Se esistesse veramente

In occasione della festività dedicata dalla Chiesa Cattolica all’Immacolata Concezione della Beata Vergine Maria, la puntata della populista e buonista trasmissione televisiva “Porta a Porta” non poteva certo astenersi nel trattare l’argomento e, naturalmente, gli eventi miracolosi ed apparizioni riconducibili alla Madre di Gesù nei secoli.
Naturalmente mi è bastato un attimo a collegare l’argomento trattato a quanto accadde a Gorizia il 19 settembre 1988, quando un fotografo goriziano, Vittorio Spolverini, durante un’escursione solitaria per i campi della Mainizza, raccontava d’esser stato illuminato dalla visione celestiale.
Spinto così dalla voglia di rimettere in funzione il mio seppur piccolo cervello, aiutato anche dalla presenza in studio dai discorsi di un ospite del dr. Vespa, il Sig.
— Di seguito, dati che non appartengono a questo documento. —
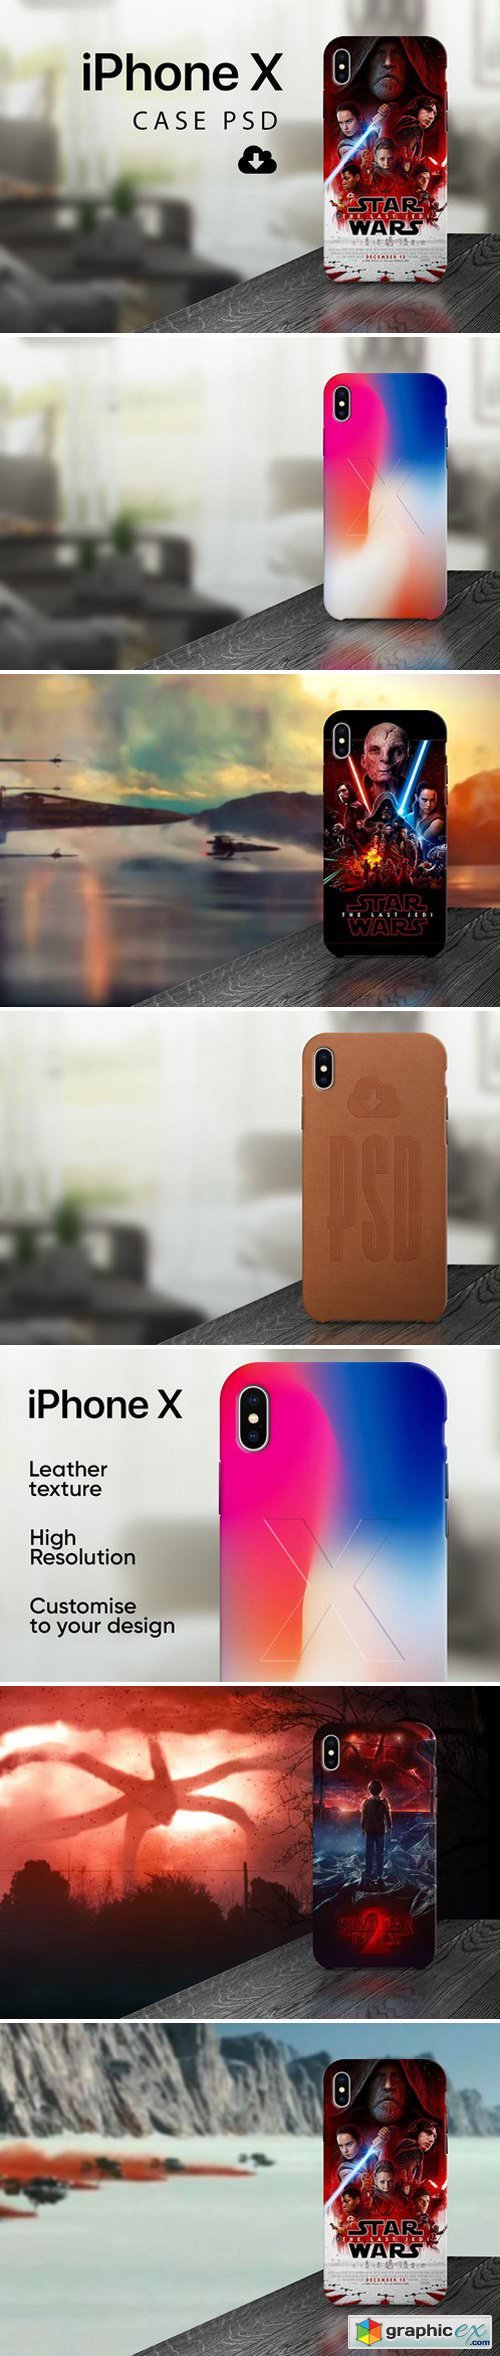 iPhone X - Case PSD mockup

Paolo Brosio che conferma l’esatta teoria che non basta la redenzione per far resuscitare le cellule nervose distrutte da un massiccio uso di droghe (il giornalista ammette liberamente di aver passato un periodo negli abissi dell’alcool, sesso e droga), mi sono messo al computer nelle ormai comode e fulminee ricerche on- line per informarmi sugli sviluppi del “Prato celeste” featured Vittorio Spolverini e di cui, almeno io, avevo perso le tracce; il preludio non è certo dei migliori perché sul motore di ricerca Google, digitando il nome e cognome del presunto veggente nostrano, come primo risultato compare la didascalia “False apparizioni e rivelazioni private” che ci manda sul sito cafarus.ch e che non si capisce bene da chi sia gestito, ma sicuramente legatissimo alla posizione della Chiesa Cattolica che prende sempre enormi distanze prima di legittimare presunti miracoli, apparizioni o rivelazioni essi siano. Anche a questo proposito mi è venuta in mente una bellissima caricatura, opera dello scomparso fumettista Andrea Pazienza, che ritrae Papa Wojtyla a bordo piscina, in accappatoio con un drink in mano, che guardando il cielo si chiede: “E se esistesse veramente? …mavvedi cosa vado a pensare”.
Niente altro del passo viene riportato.